- **DATA EXTRACTS**:
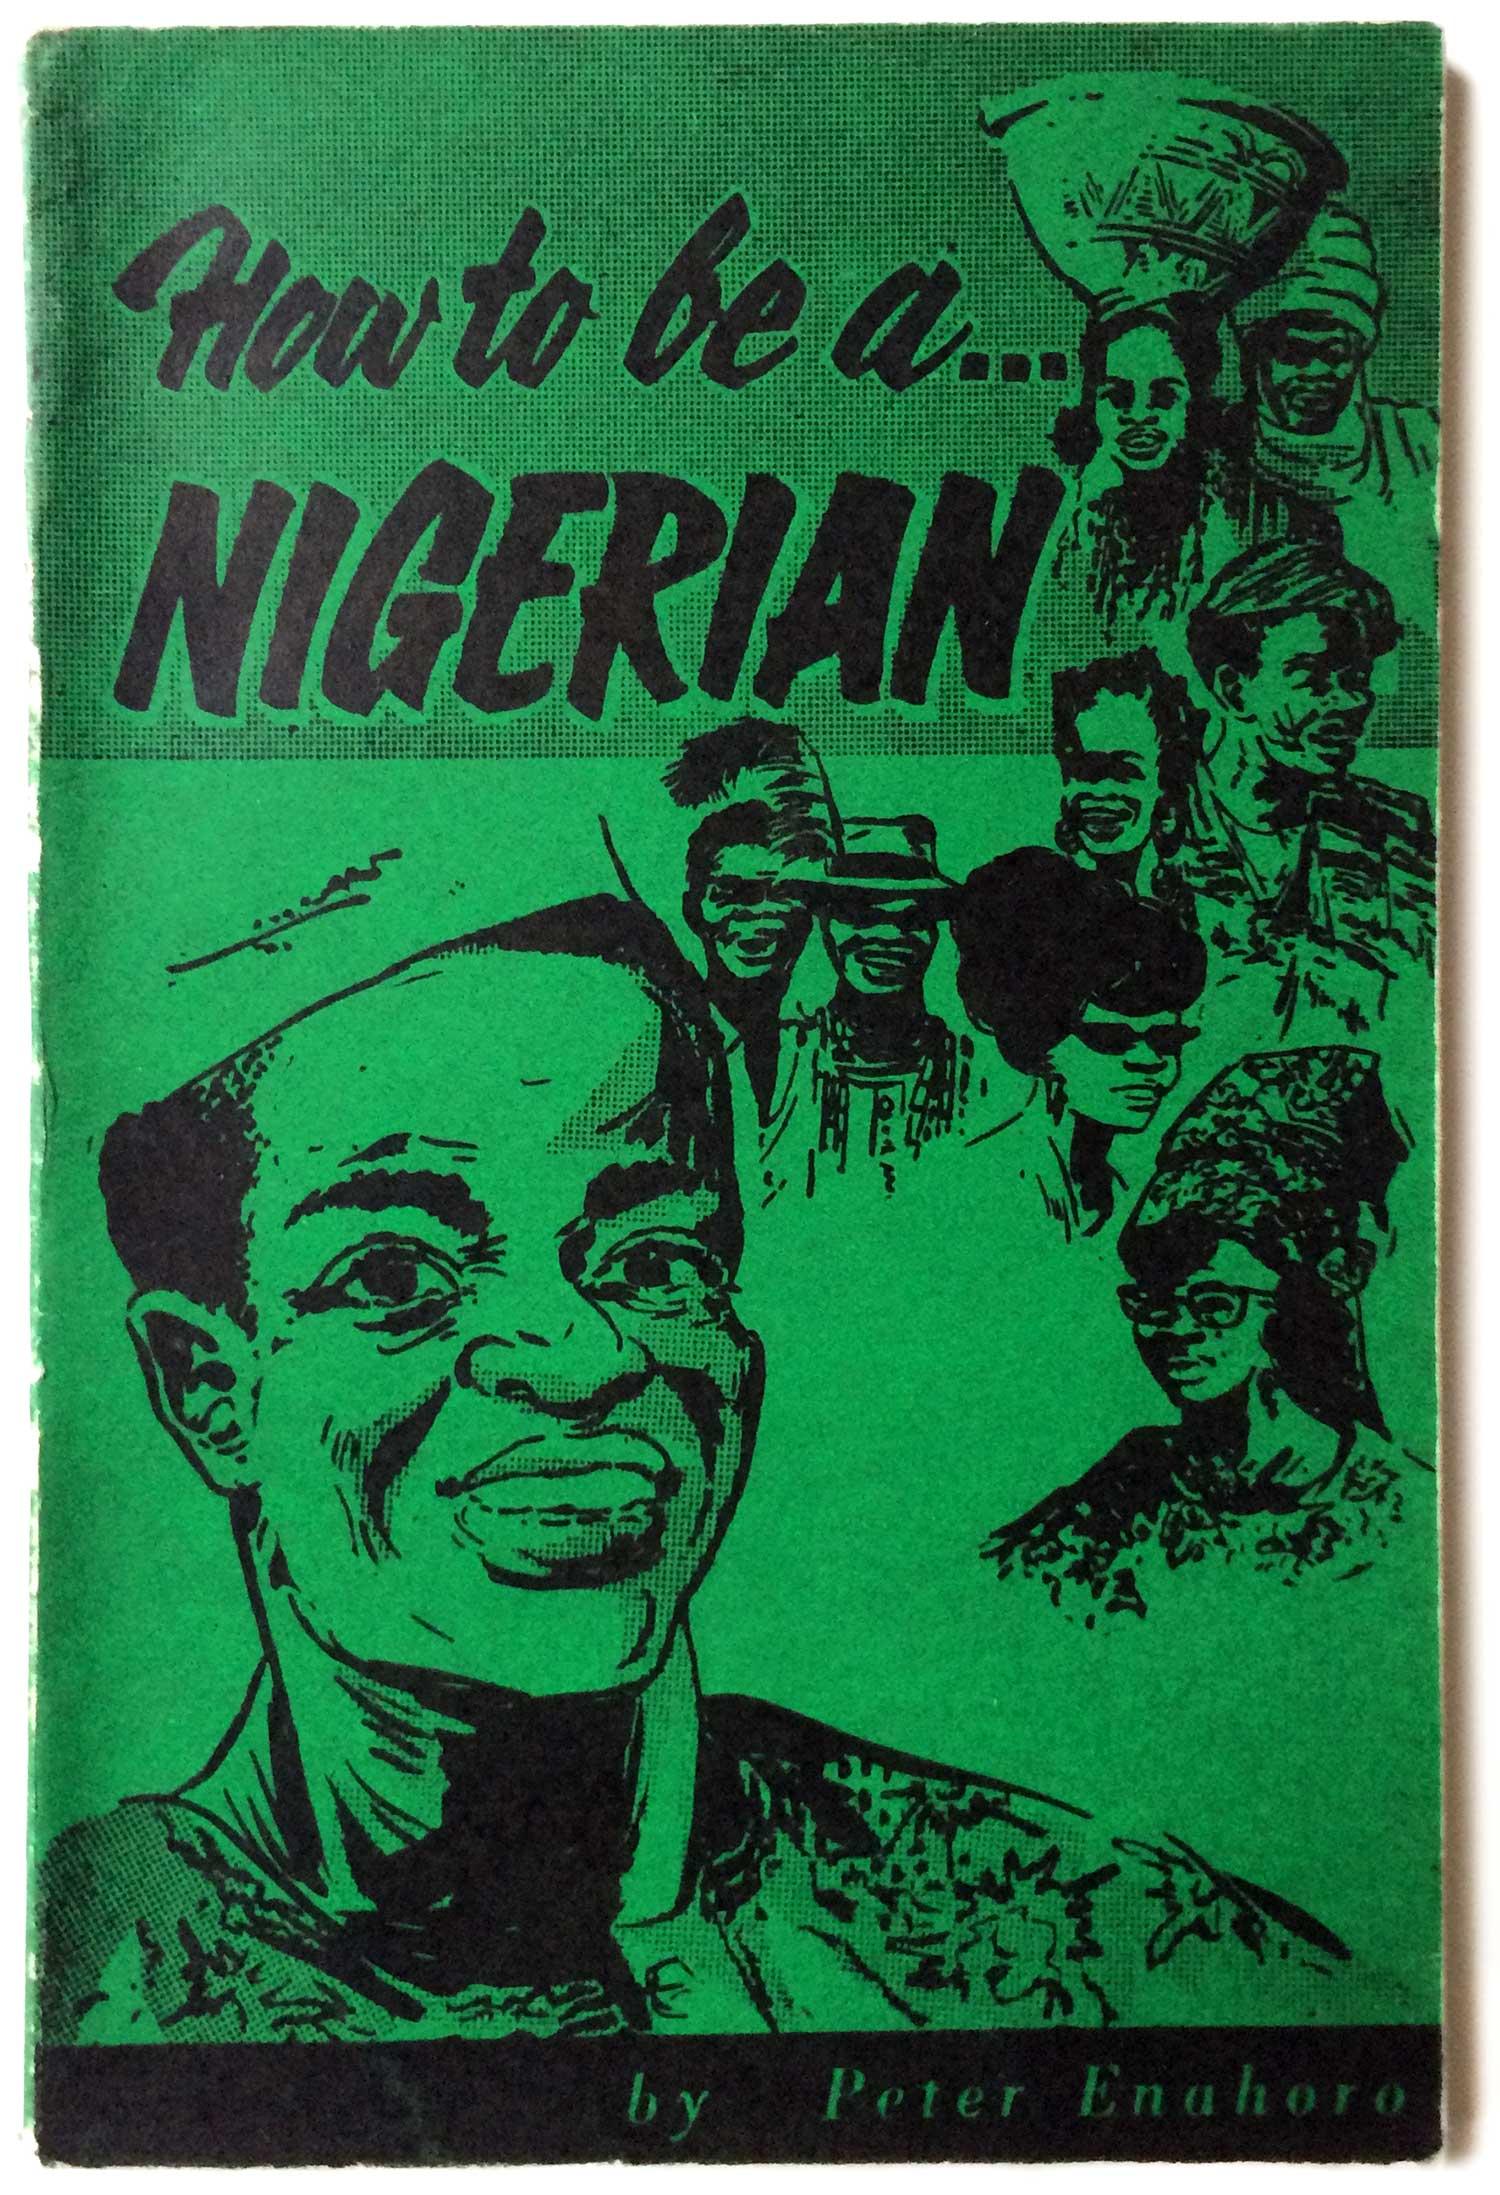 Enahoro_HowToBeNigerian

==

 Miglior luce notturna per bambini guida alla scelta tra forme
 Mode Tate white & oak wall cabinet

- **TASK GOAL**: Please give back exactly the lines of this listing beginning at the line with "Miglior luce notturna" and ending with the line with "Mode Tate white & oak wall cabinet", both included, and nothing else.

- **RESULT FOR THIS EXERCISE**:
 Miglior luce notturna per bambini guida alla scelta tra forme
 Mode Tate white & oak wall cabinet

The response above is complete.